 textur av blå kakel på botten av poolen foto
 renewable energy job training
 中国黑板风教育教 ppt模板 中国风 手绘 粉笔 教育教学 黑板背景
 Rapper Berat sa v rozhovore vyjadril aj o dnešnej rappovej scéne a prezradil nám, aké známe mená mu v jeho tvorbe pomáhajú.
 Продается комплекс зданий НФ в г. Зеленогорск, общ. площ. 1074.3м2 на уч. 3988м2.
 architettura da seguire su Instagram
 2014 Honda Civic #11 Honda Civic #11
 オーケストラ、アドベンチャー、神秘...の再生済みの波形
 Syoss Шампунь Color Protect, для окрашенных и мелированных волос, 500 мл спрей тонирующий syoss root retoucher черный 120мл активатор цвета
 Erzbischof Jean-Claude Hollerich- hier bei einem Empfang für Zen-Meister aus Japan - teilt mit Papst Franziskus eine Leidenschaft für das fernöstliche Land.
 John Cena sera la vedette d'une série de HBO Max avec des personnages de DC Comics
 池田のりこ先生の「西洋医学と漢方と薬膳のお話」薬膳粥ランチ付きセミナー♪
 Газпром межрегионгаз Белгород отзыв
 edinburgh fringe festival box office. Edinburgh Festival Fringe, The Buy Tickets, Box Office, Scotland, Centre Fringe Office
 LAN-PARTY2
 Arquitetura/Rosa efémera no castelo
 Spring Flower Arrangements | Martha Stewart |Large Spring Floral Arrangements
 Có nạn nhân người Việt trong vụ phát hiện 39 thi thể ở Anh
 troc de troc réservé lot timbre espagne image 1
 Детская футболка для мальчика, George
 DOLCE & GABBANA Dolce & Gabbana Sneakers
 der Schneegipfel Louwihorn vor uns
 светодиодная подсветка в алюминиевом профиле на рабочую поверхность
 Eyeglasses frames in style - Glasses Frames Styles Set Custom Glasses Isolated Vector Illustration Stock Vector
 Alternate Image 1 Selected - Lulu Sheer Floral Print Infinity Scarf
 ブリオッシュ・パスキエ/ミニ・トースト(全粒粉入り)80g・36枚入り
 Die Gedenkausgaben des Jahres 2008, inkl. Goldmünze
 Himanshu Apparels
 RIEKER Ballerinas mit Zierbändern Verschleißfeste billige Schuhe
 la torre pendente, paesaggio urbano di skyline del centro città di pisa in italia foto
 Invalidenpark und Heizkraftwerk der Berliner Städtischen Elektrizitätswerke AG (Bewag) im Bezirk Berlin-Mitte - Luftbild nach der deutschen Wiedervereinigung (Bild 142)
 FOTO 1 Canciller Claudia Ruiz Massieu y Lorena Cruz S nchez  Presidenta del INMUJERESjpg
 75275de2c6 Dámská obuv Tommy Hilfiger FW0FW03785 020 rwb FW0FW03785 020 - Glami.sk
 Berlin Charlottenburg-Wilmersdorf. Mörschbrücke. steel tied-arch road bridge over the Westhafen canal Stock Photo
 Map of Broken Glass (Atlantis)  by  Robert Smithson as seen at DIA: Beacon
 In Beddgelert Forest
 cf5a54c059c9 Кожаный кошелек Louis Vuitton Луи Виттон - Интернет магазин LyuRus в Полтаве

■ **Your goal**
Read the entries and pick out all lines that include the word "Berlin".

■ **Response to the exercise**
 Invalidenpark und Heizkraftwerk der Berliner Städtischen Elektrizitätswerke AG (Bewag) im Bezirk Berlin-Mitte - Luftbild nach der deutschen Wiedervereinigung (Bild 142)
 Berlin Charlottenburg-Wilmersdorf. Mörschbrücke. steel tied-arch road bridge over the Westhafen canal Stock Photo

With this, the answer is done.